_Task objective_
Your answer should hold the data exactly as given, minus any picture.

_Information provided_

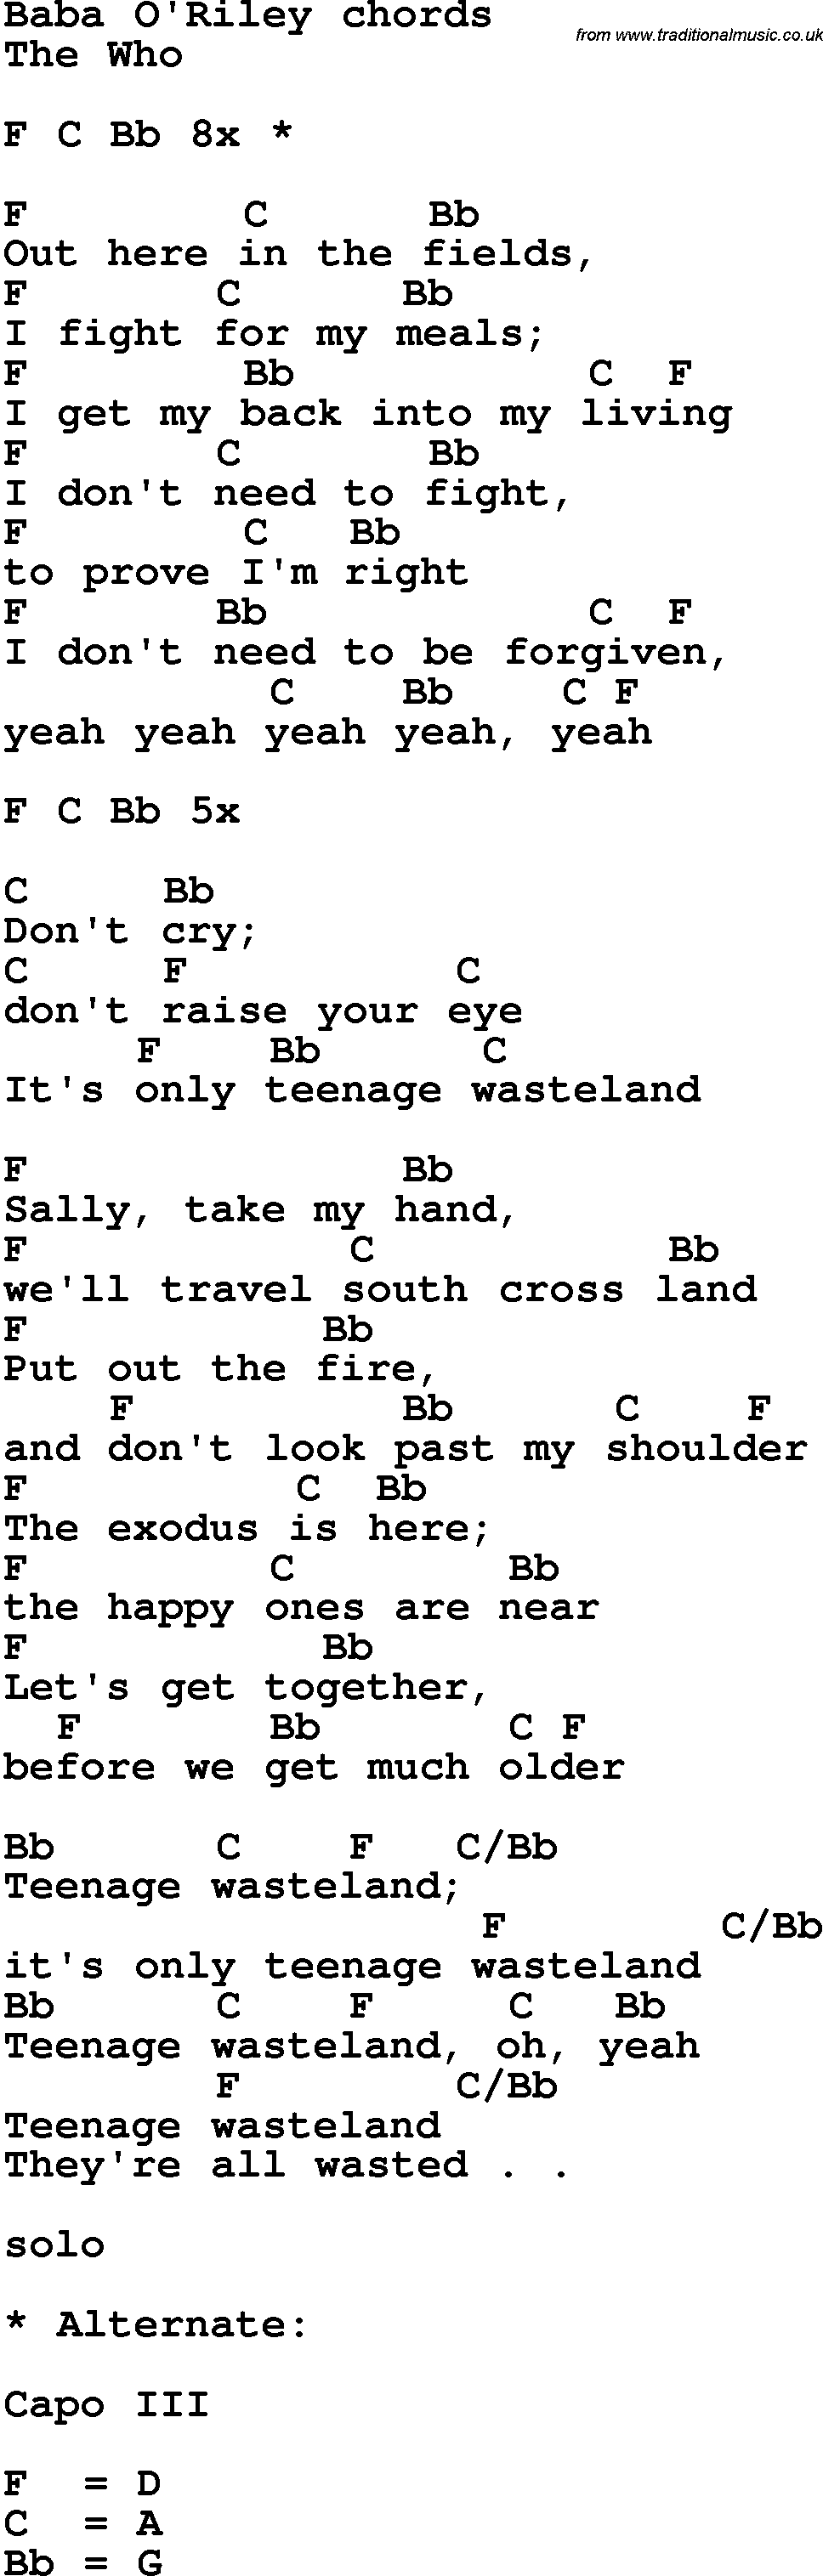 Song Lyrics with guitar chords for Baba Oriley
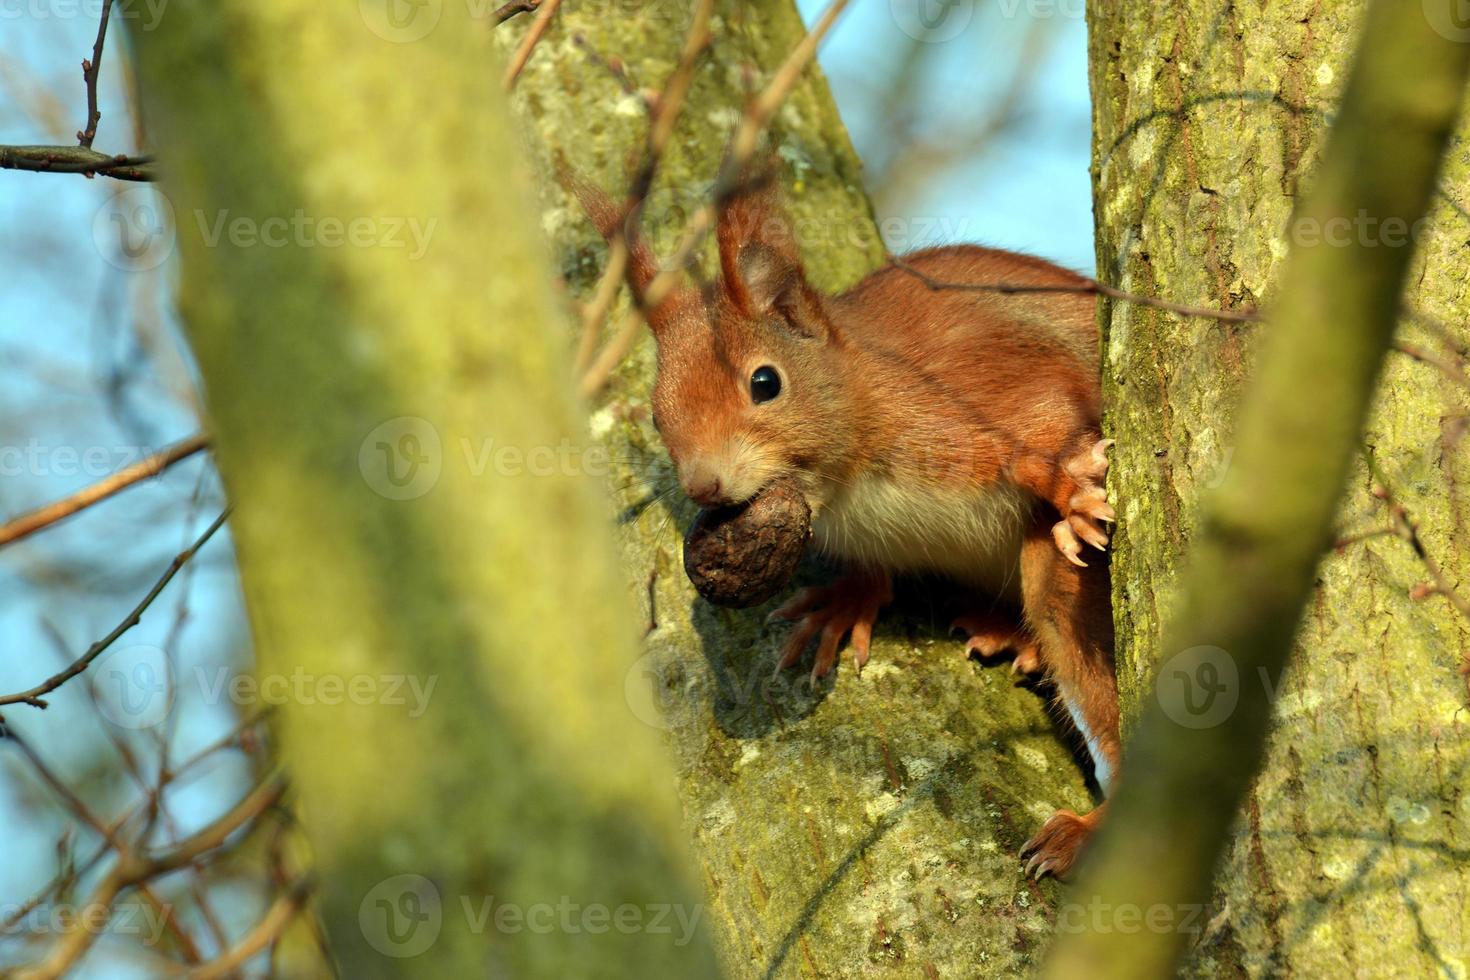 Squirrel sits with a nut in its mouth in a branch fork photo
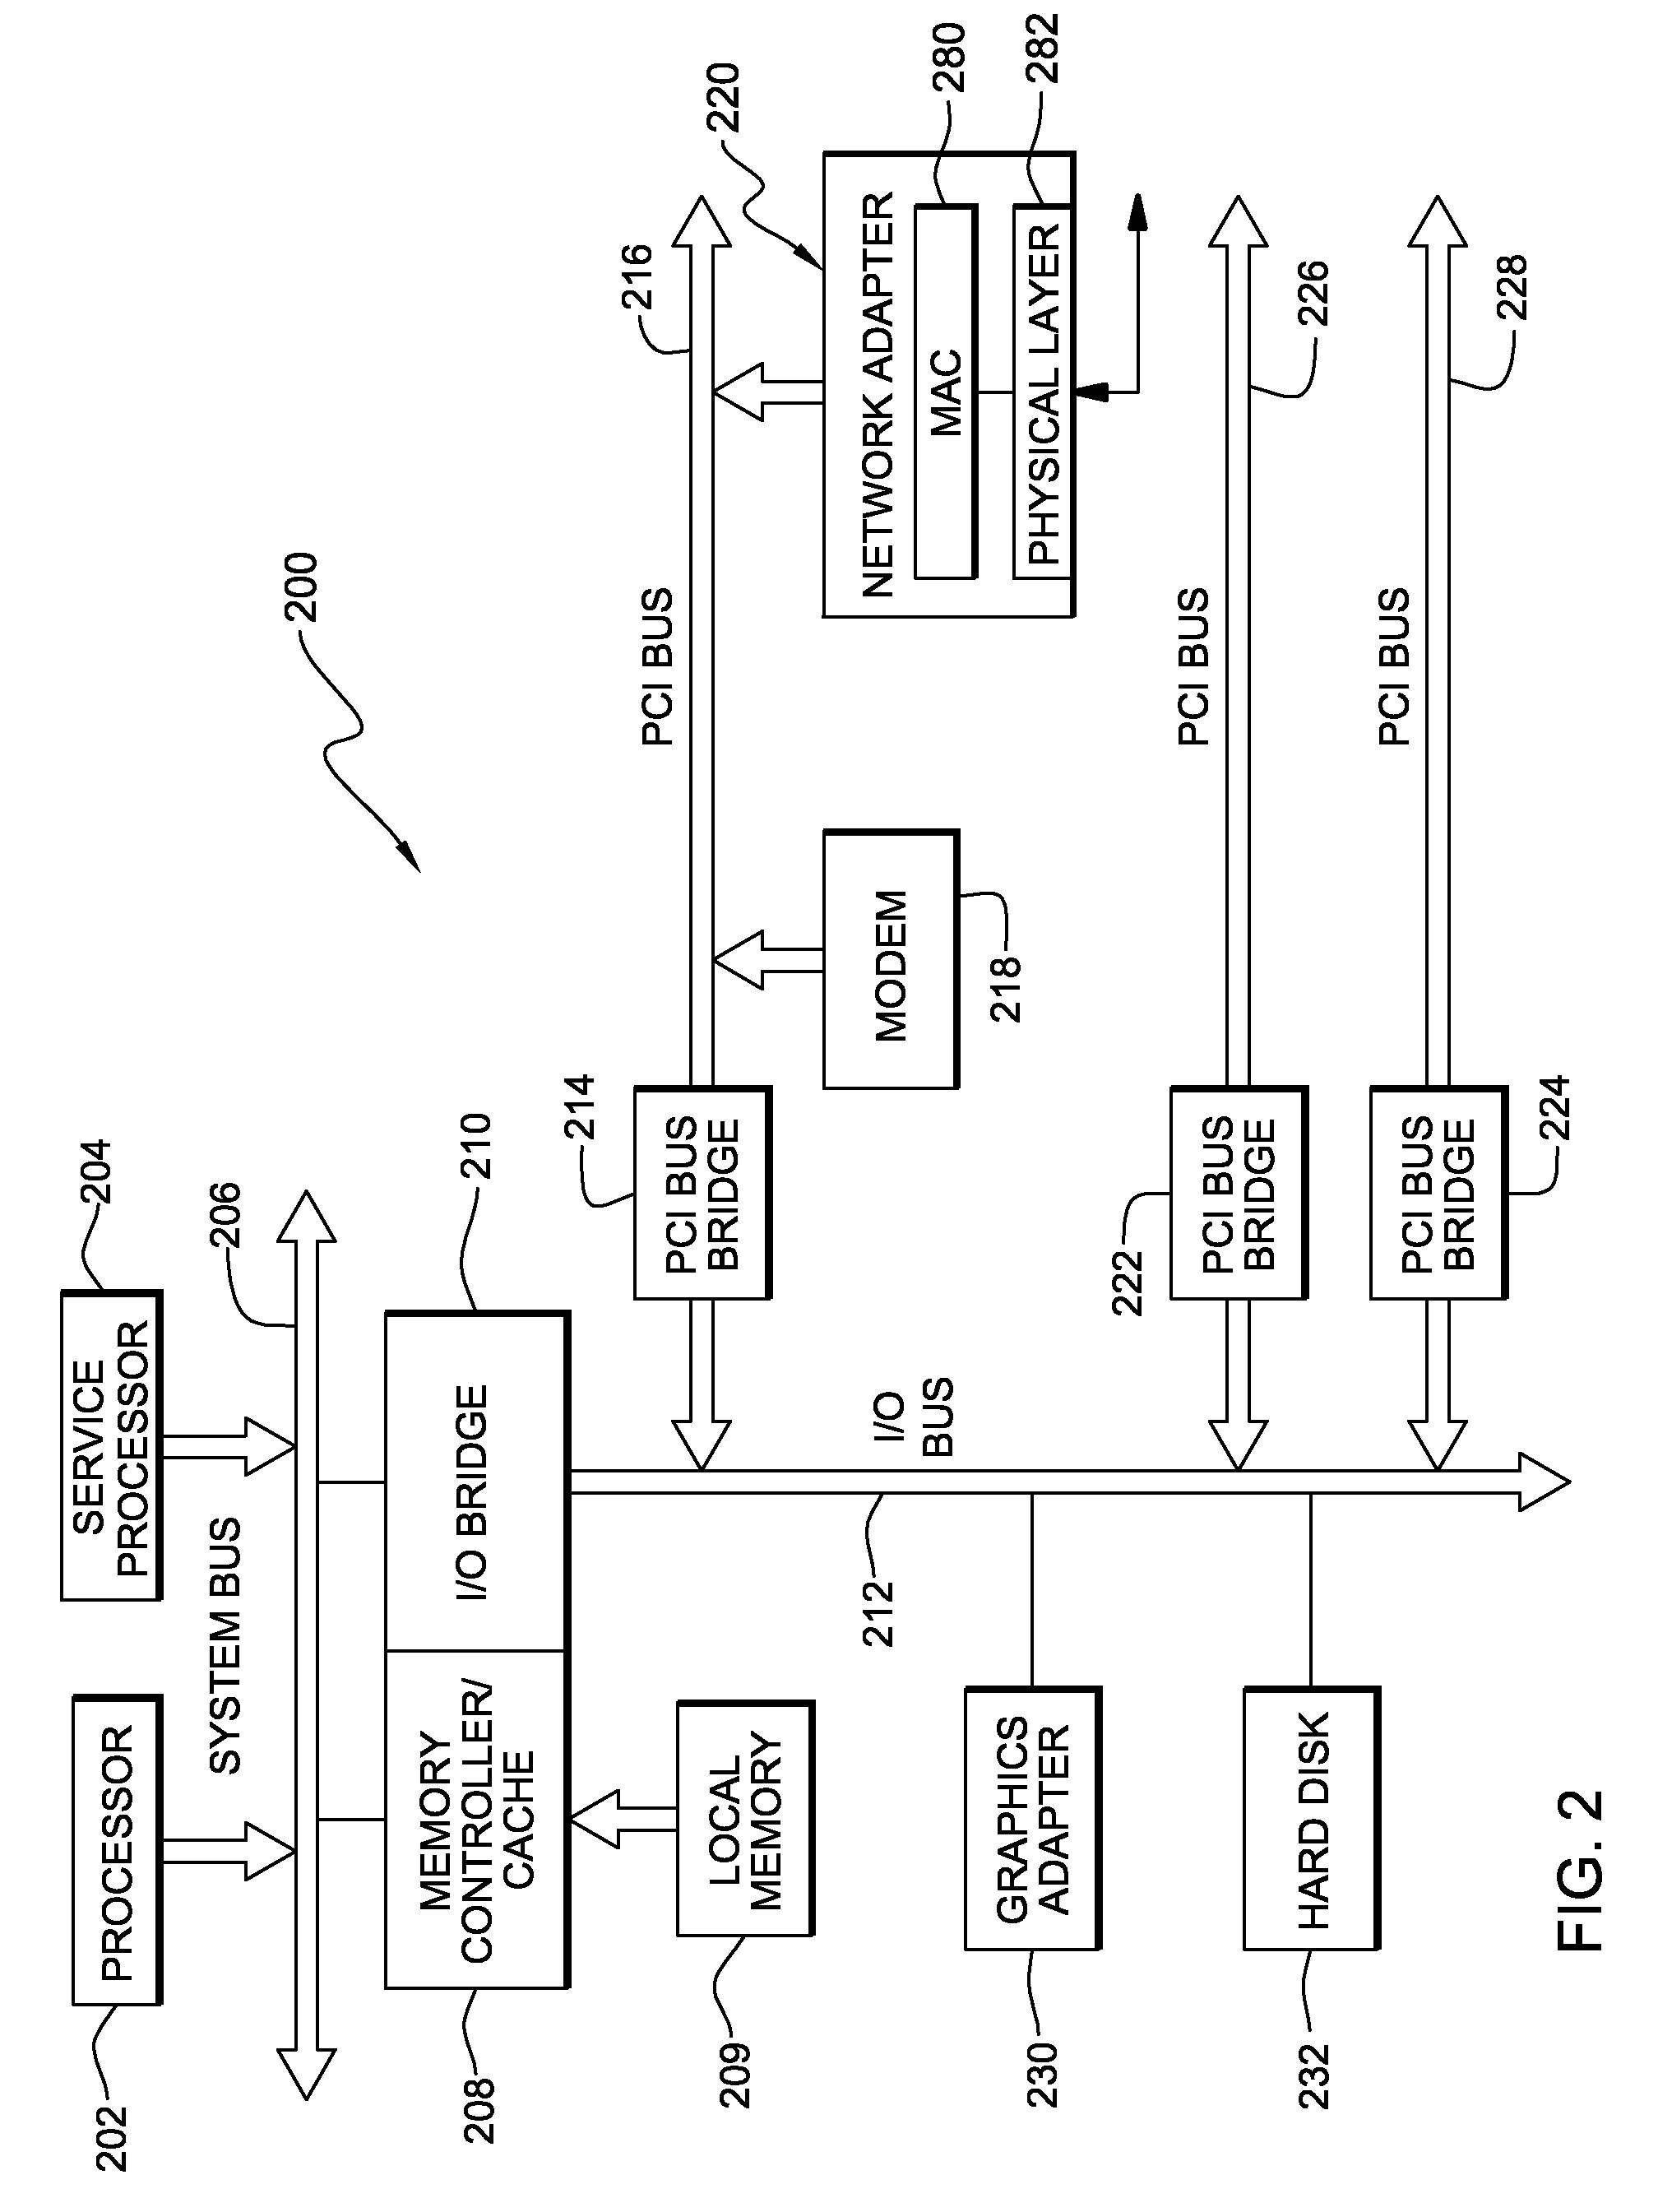 Controlled Shut-Down of Partitions Within a Shared Memory Partition Data Processing System
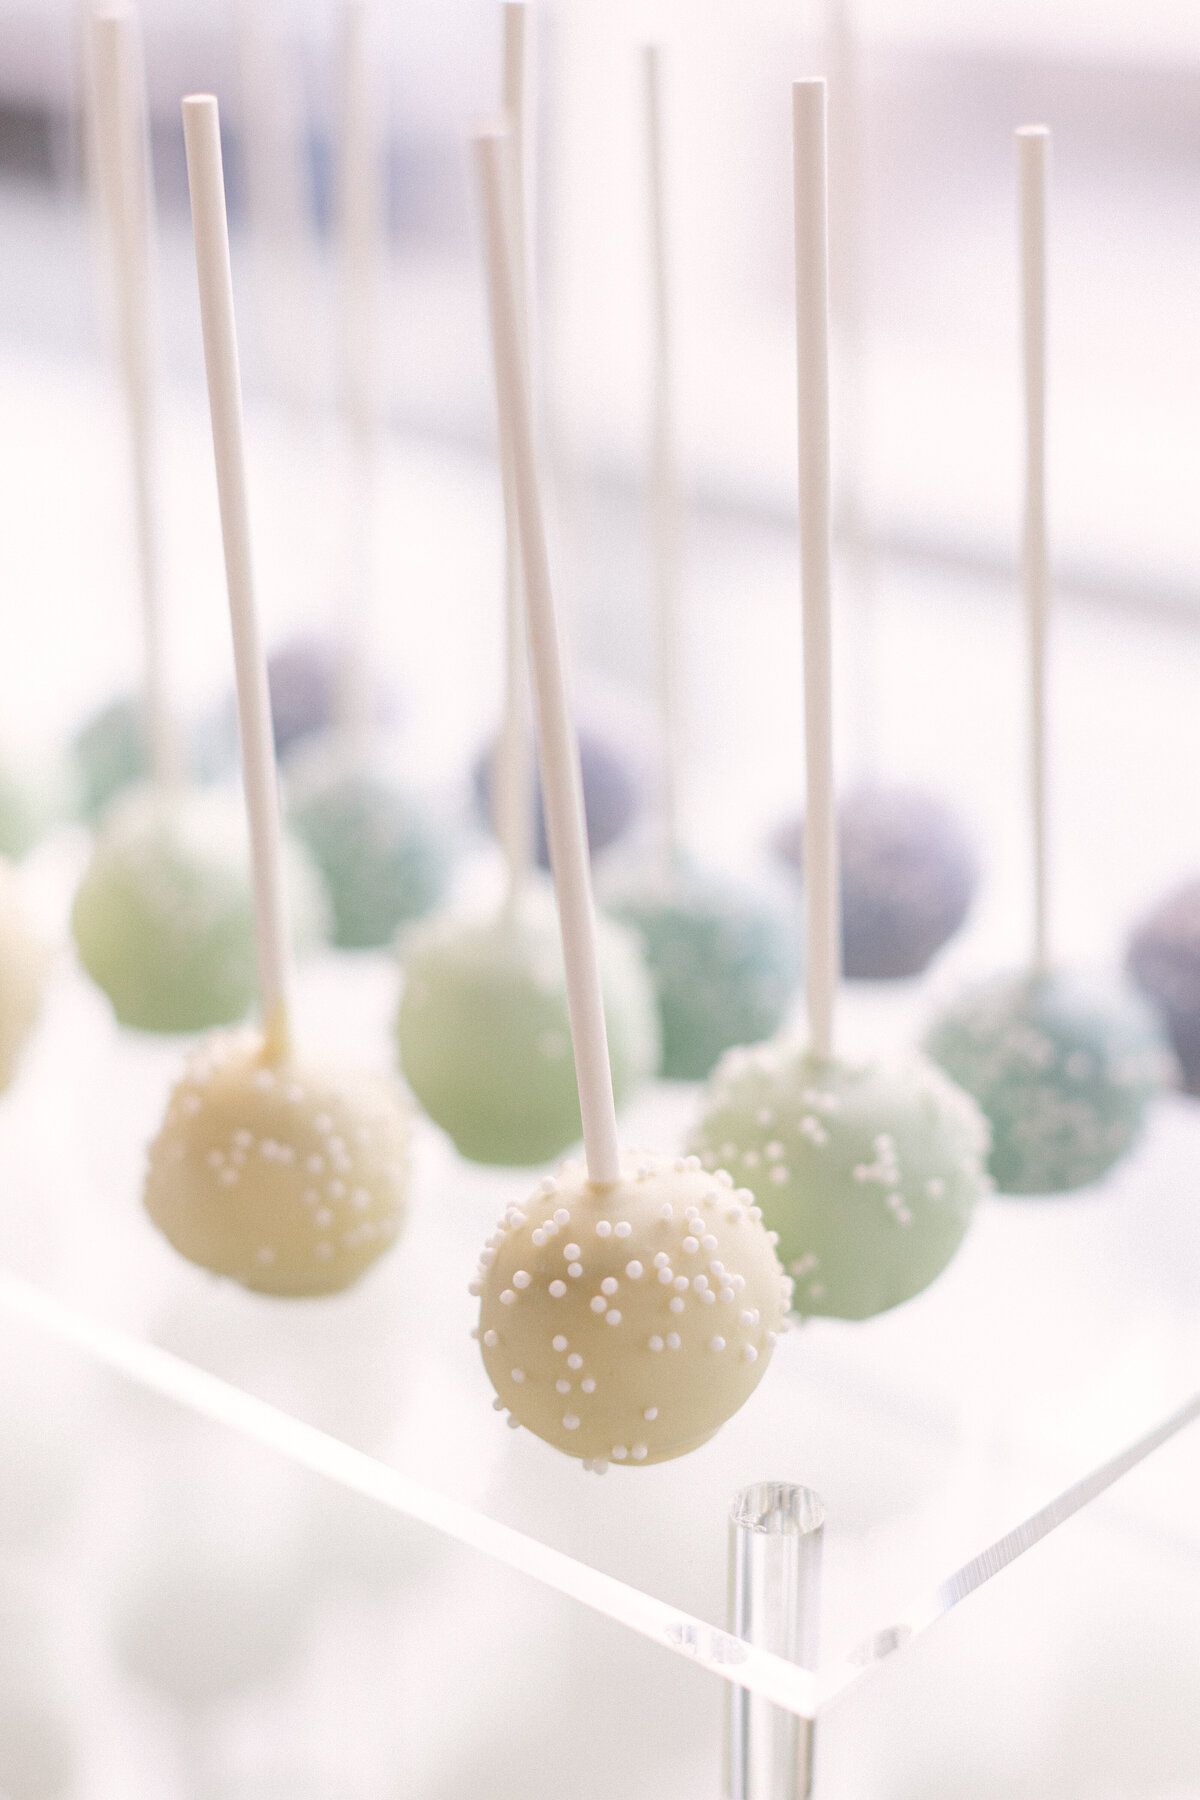 Cake pops TTWD NYC Party Planner

_Reply to the exercise_
 Song Lyrics with guitar chords for Baba Oriley
 Squirrel sits with a nut in its mouth in a branch fork photo
 Controlled Shut-Down of Partitions Within a Shared Memory Partition Data Processing System
 Cake pops TTWD NYC Party Planner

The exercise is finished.